TASK STATEMENT: Once you find the line with "Boruto Naruto The", transcribe it and all the lines that follow to the end of the data, exactly as written; skip any pictures.
==== EXERCISE INPUT
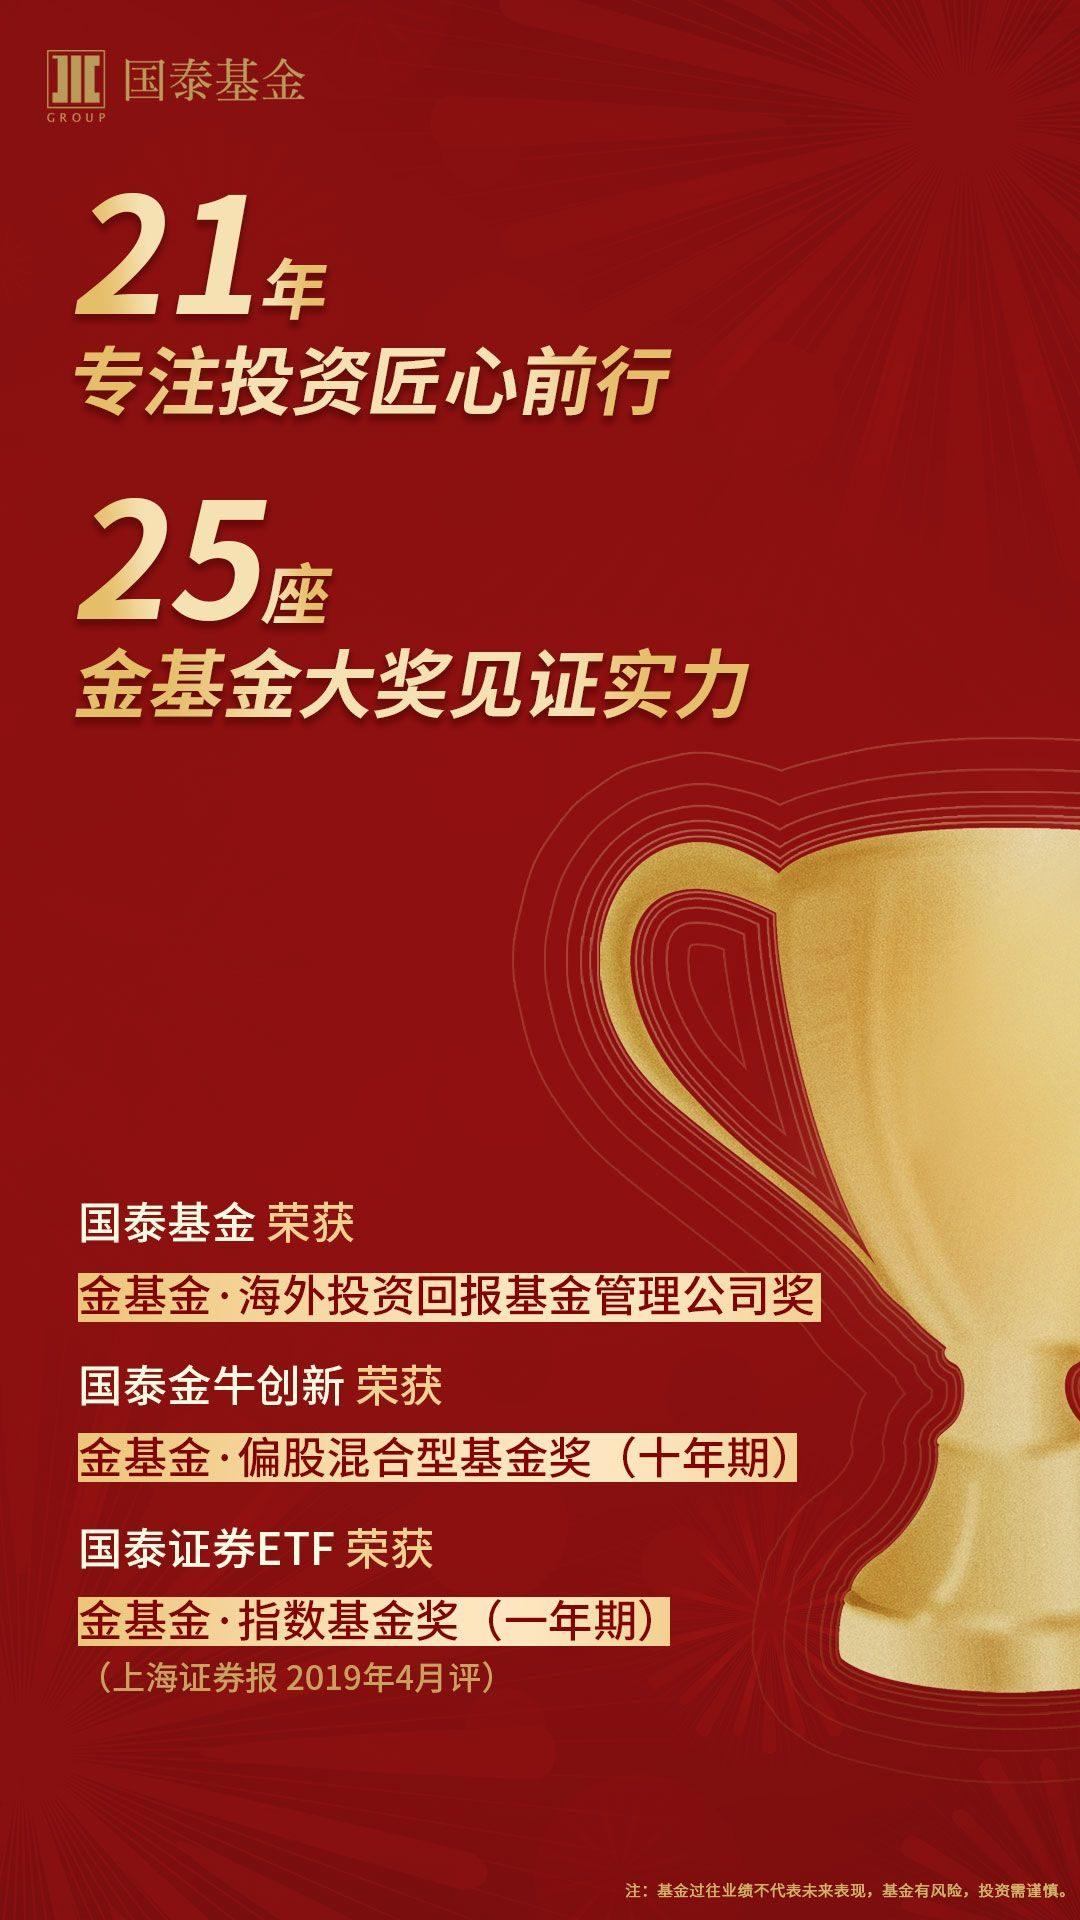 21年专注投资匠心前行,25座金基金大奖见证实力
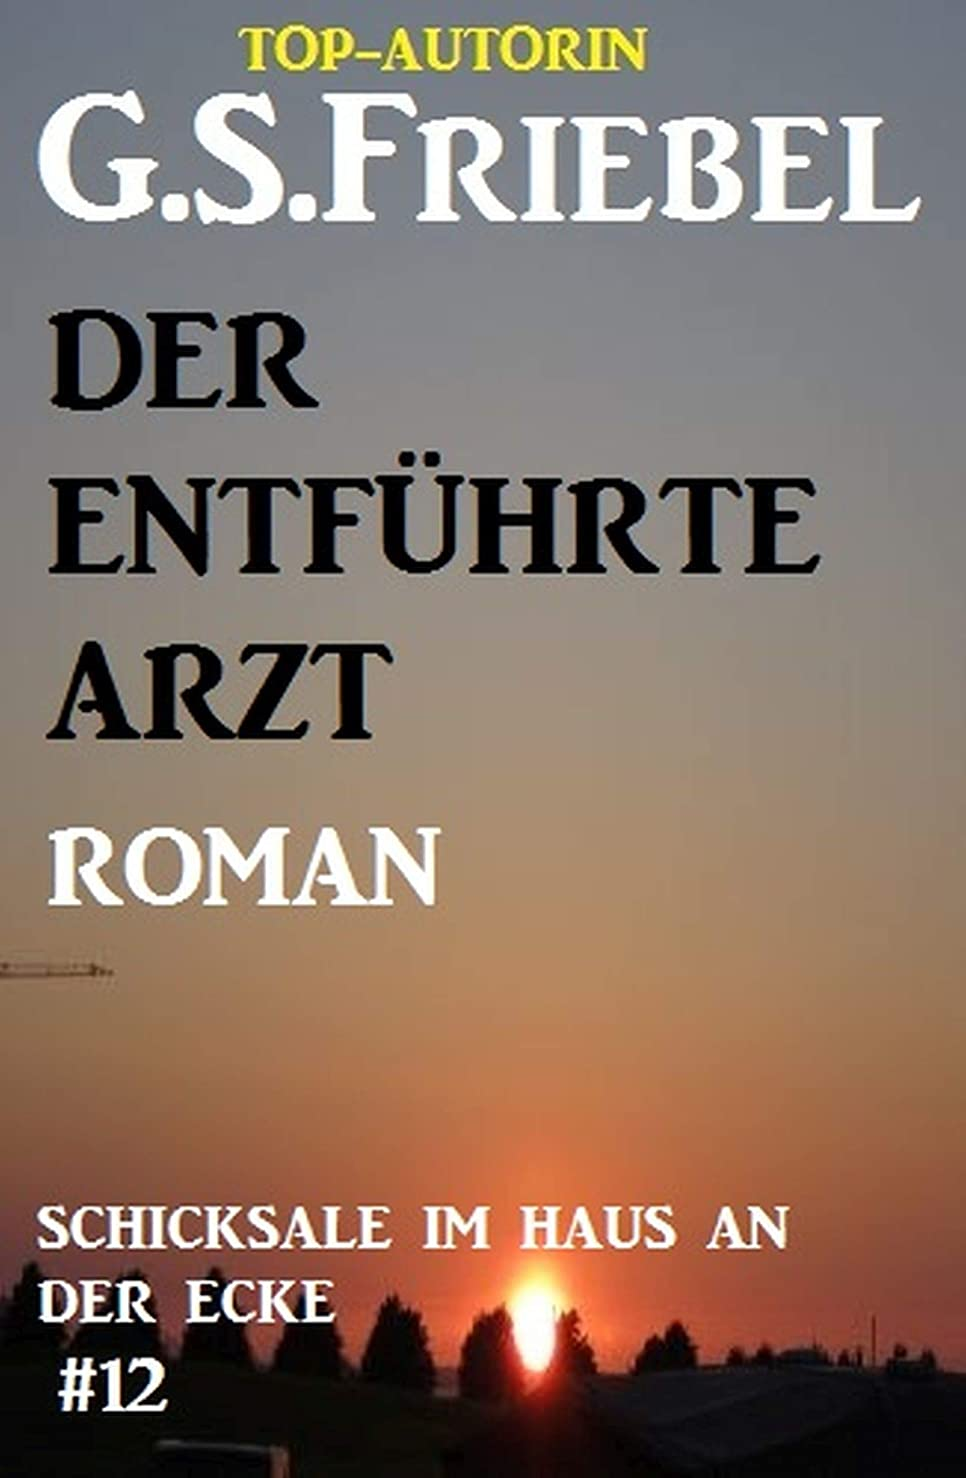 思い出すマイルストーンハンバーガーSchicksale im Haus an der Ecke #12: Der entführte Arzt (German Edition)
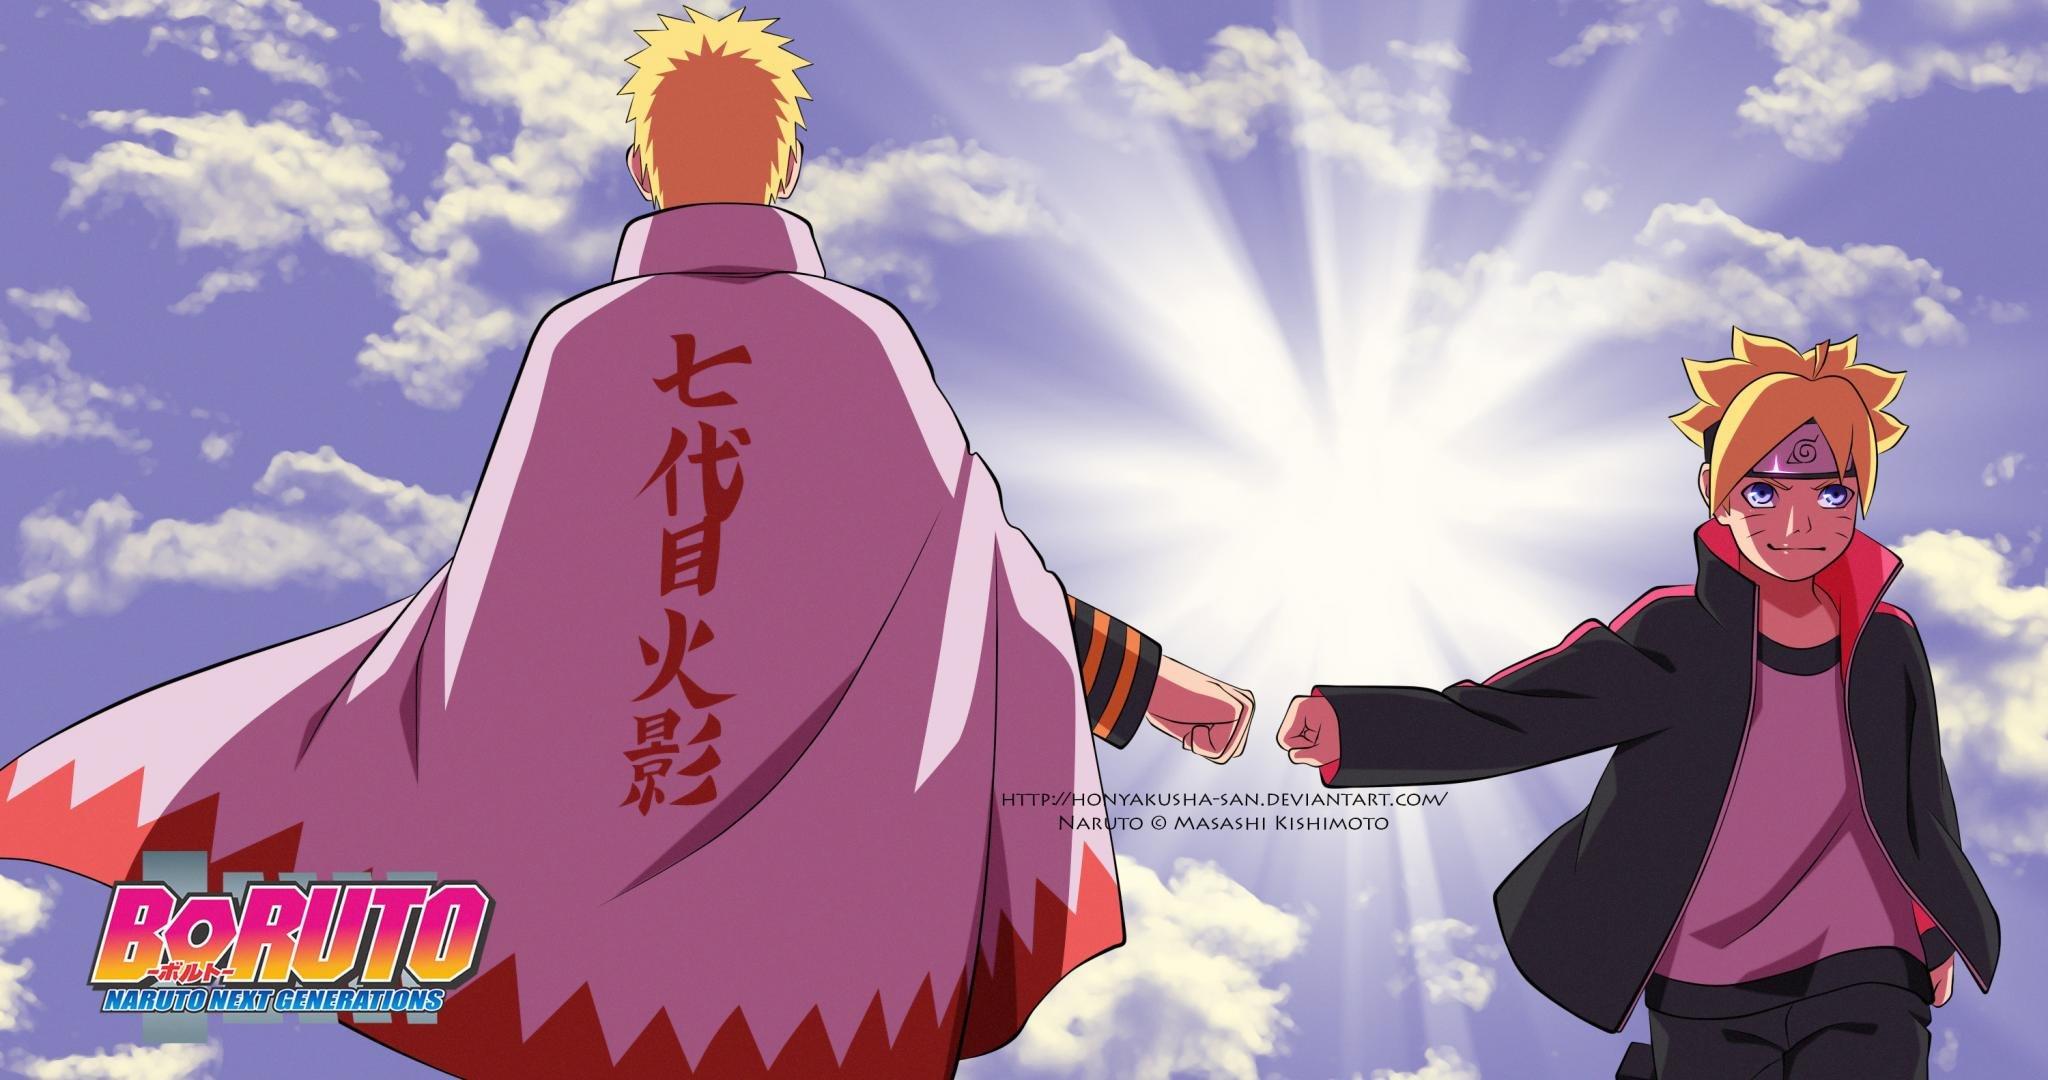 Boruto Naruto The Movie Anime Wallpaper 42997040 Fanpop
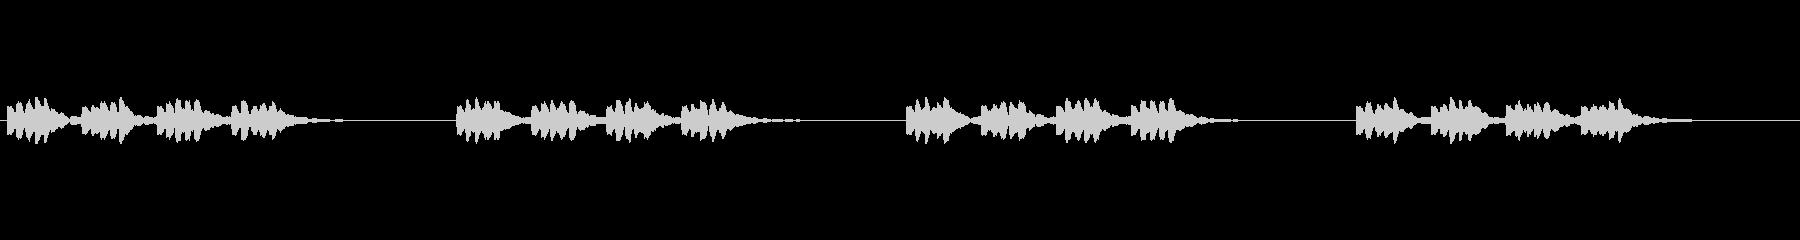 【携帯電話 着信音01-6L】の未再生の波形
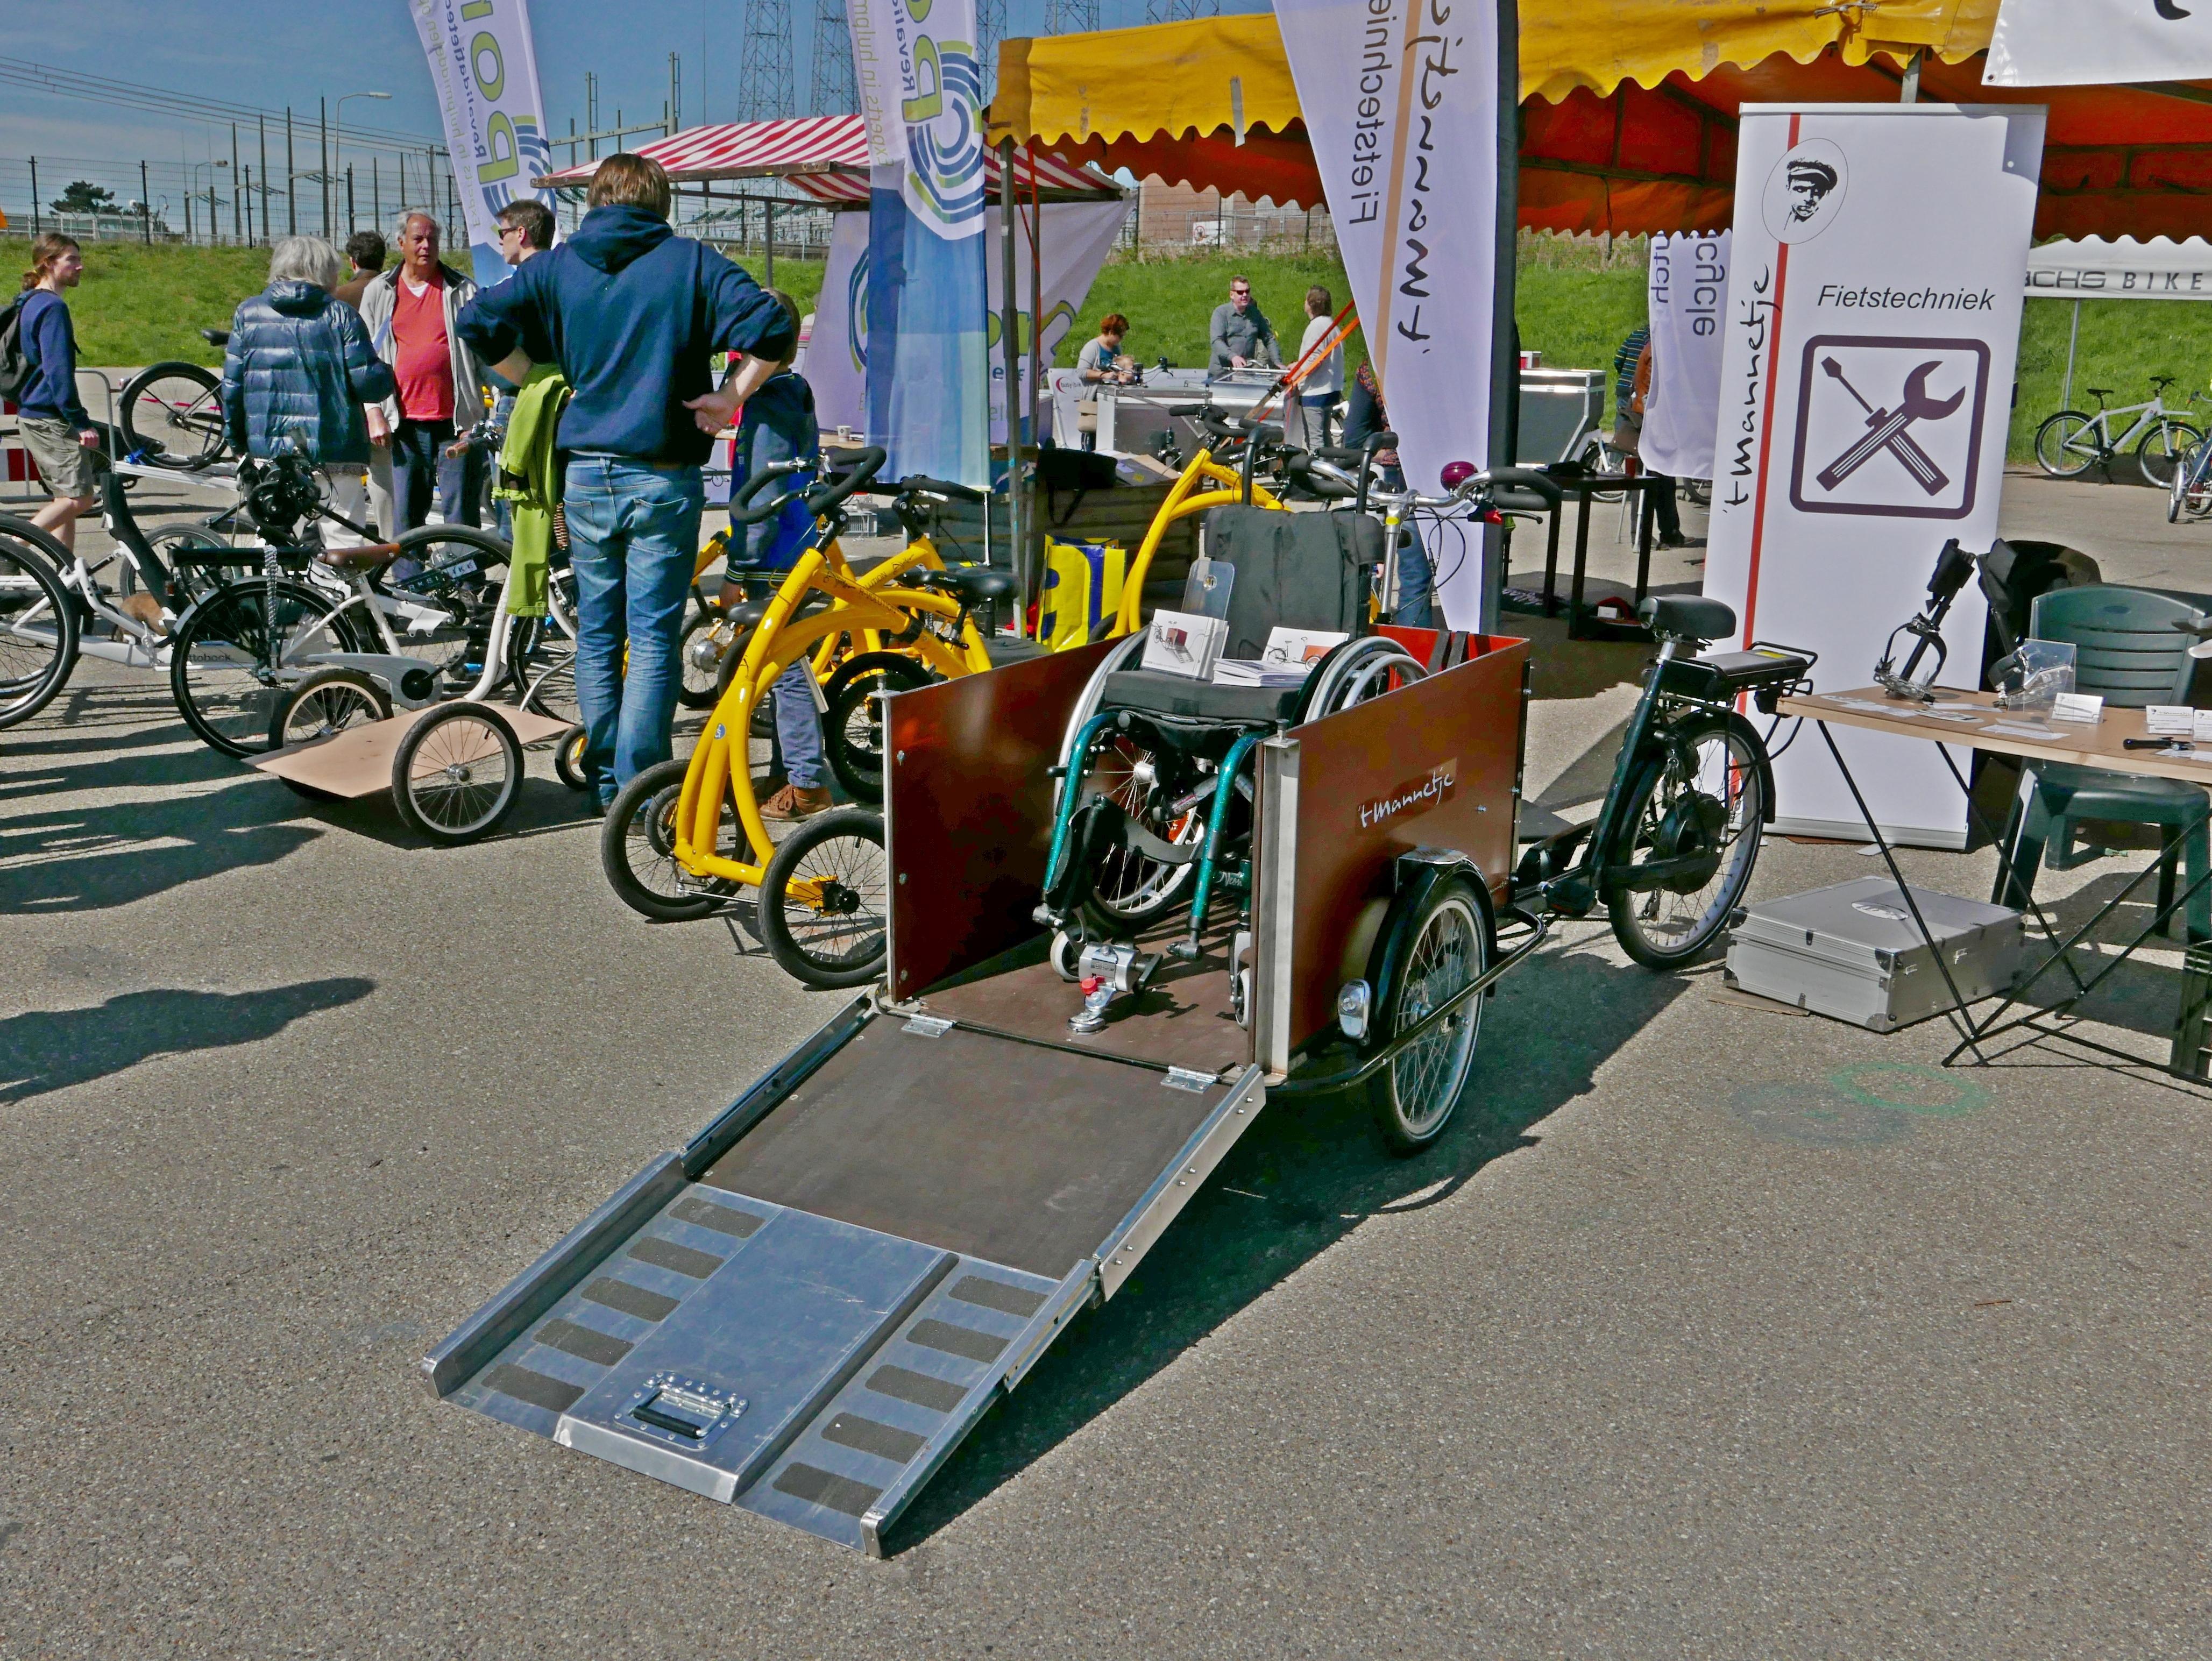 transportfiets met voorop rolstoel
========
EXPECTED ANSWER:
 Boruto Naruto The Movie Anime Wallpaper 42997040 Fanpop
 【携帯電話 着信音01-6L】の未再生の波形
 transportfiets met voorop rolstoel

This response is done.